The account of Fula harmony proposed by the author requires
three distinct parts that individually contribute to the
overall right-to-left nature of the pattern:
(a) high ranking of a positional faithfulness constraint
favoring the rightmost vowel of a word (p. 140), to
account for the fact that this vowel is the trigger.
(b) low ranking (or absence) of any logical conjunctions
favoring the edgemost vowels of the root (p. 140), to
account for the fact that this vowel is a target.
(c) exceptional reversal of "the almost universal ranking"
between two positional faithfulness constraints (pp.
143-144), to account for the fact that a vowel between
the trigger and an opaque vowel agrees with the trigger.
The last of these three crucial parts of the analysis is
particularly problematic. If this exceptional reversal did
not hold of the grammar of Fula, then a vowel between the
trigger and an opaque vowel would agree with the opaque
vowel -- a pattern that is unattested in all cases of vowel
harmony, regardless of the relative positions of the harmony
trigger, the root, and the opaque vowel. The generalization
that appears to be necessary to capture is that harmony
always proceeds outward from the trigger; in other words,
that the directionality of harmony and the fate of a vowel
trapped between the trigger and an opaque vowel are two
sides of the same fact, to be captured with one analytical
mechanism. This is not so in the author's account of Fula.

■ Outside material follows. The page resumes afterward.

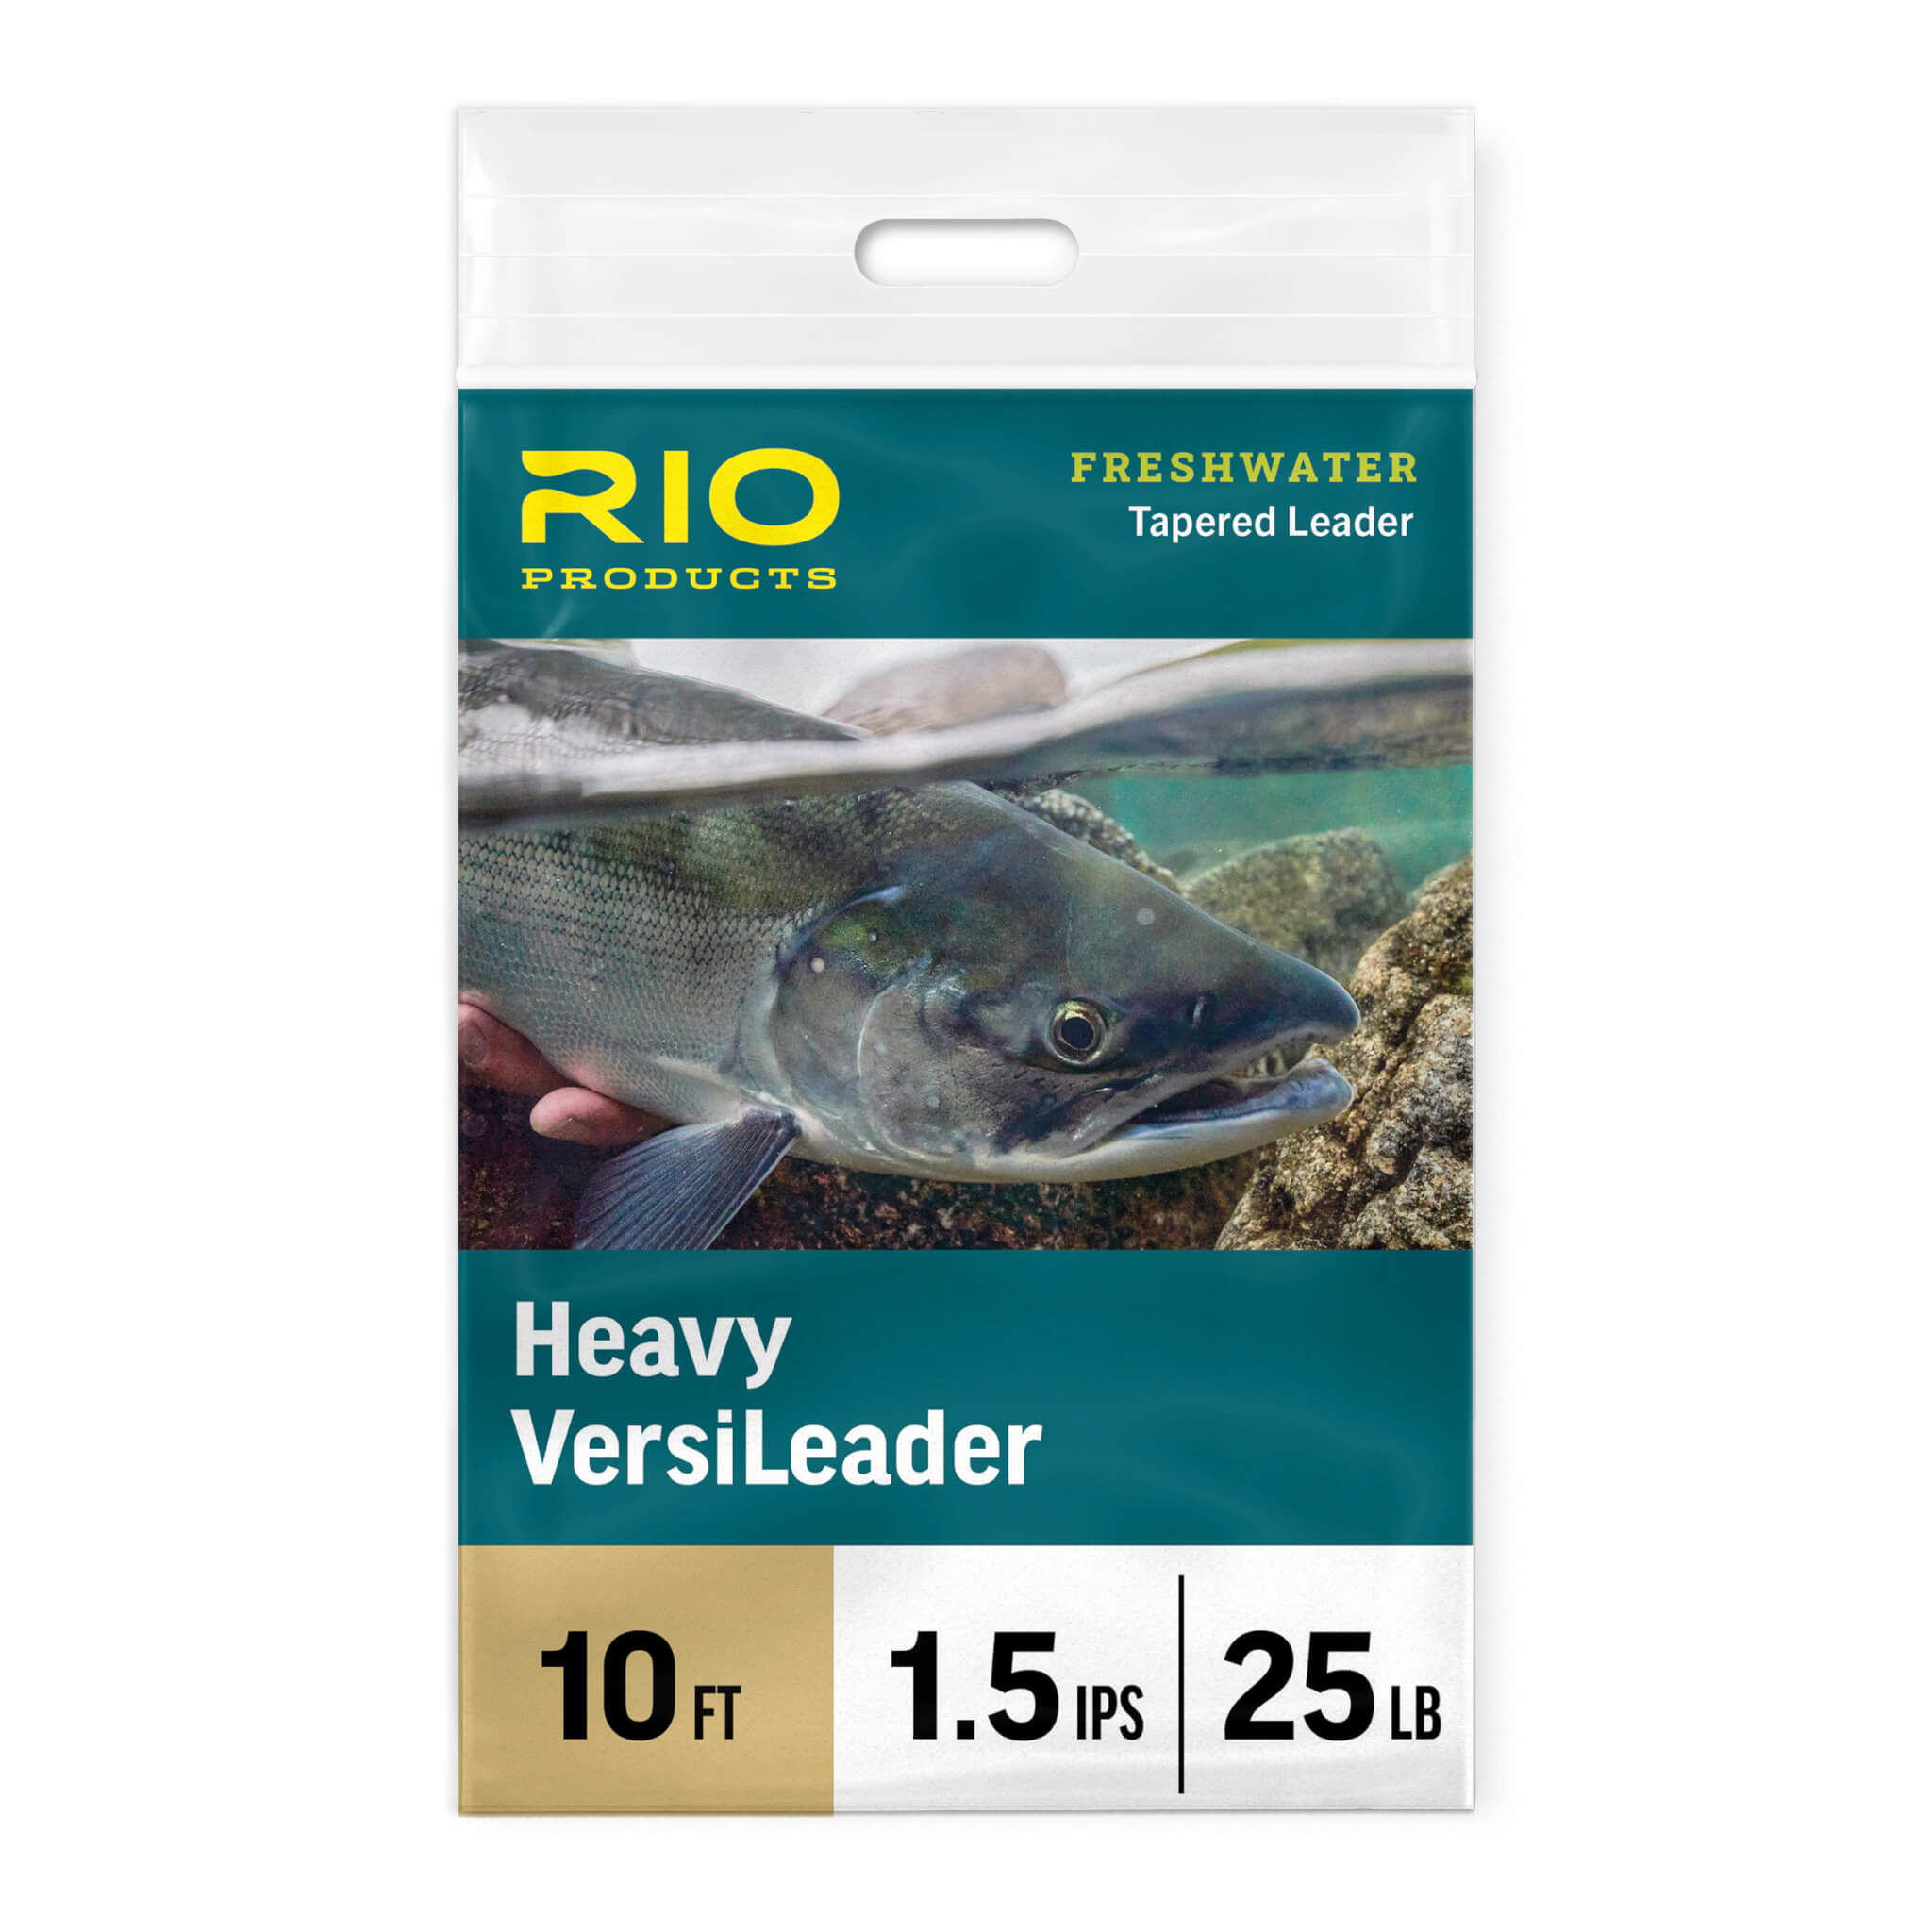 RIO SPEY HEAVY VERSILEADER – Guide Flyfishing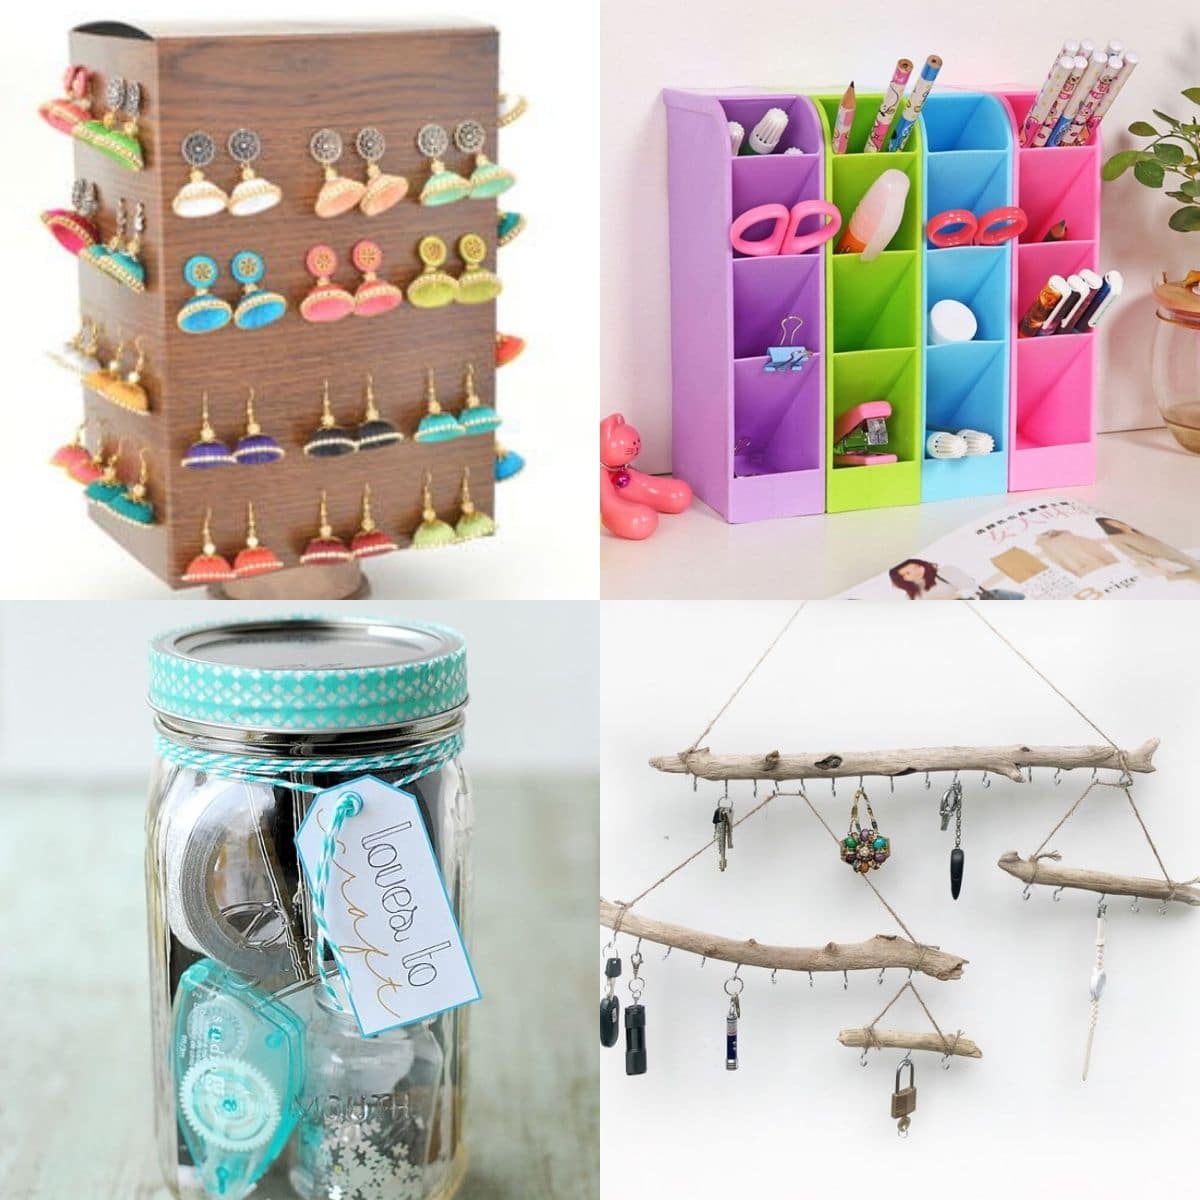 15 Creative Ways to Organize Small Items - Craftsy Hacks

I will not pretend here that my own account (Bakovic 2000,
2003) does a better job of capturing this generalization; I
think it succeeds rather well with cases of root-to-affix
directionality but admit that it encounters problems in
other cases (including Fula). But the author's account of
directionality in this book also fails to account for the
fate of a vowel trapped between two disagreeing opaque affix
vowels because it depends on the relative ranking of root
and affix faithfulness constraints. Root faithfulness is
irrelevant in this kind of case and there is a tie on affix
faithfulness, so the fate of the trapped vowel is predicted
to fall to other constraints. But as Anderson (1980) has
shown with a relevant example from Turkish, the fate of the
trapped vowel should be determined by whatever mechanism is
responsible for the directionality of harmony.
2. Transparent vowels.
The author shows that the LC account of transparent vowels
requires a third conjunct in addition to those noted above:
a markedness constraint defining the set of transparent
vowels. Without this, other disharmonic vowels (e.g., vowels
in disharmonic roots, or other vowels in the same language
that may be opaque rather than transparent) are incorrectly
predicted to behave transparently. The problem is that the
set of transparent vowels is already defined by a markedness
constraint against their harmonic counterparts, which are
independently absent from the vowel inventory of the
language (Kiparsky 1981). Because this is viewed as a
coincidence in the author's analysis, the prediction made is
that there could be a language in which only certain vowels
in disharmonic roots behave transparently (namely, those
targeted by the markedness component of the relevant LC),
while all other disharmonic vowels behave opaquely. Such a
pattern appears to be unattested.
Another consequence of the author's proposal is that it
distinguishes a single transparent vowel from strings of
more than one. Most accounts of transparency predict that a
string of transparent vowels behaves just like a single one;
a maximal string of transparent vowels either agrees or
disagrees with the vowels on either side. In the author's
proposal, each transparent vowel is evaluated independently
by the LC: each individual one must either agree or disagree
with both of its neighbors. Even in the simplest case of a
string of two transparent vowels, then, the only way to
satisfy the LC is (i) for the transparent vowels to become
harmony triggers, enforcing their harmonic feature value on
their neighbors on both sides or (ii) for the transparent
vowels to alter their values of other features so that they
can (vacuously) satisfy the LC. For a string of transparent
vowels to differ in its behavior from a single one in either
of these two ways appears to be unattested.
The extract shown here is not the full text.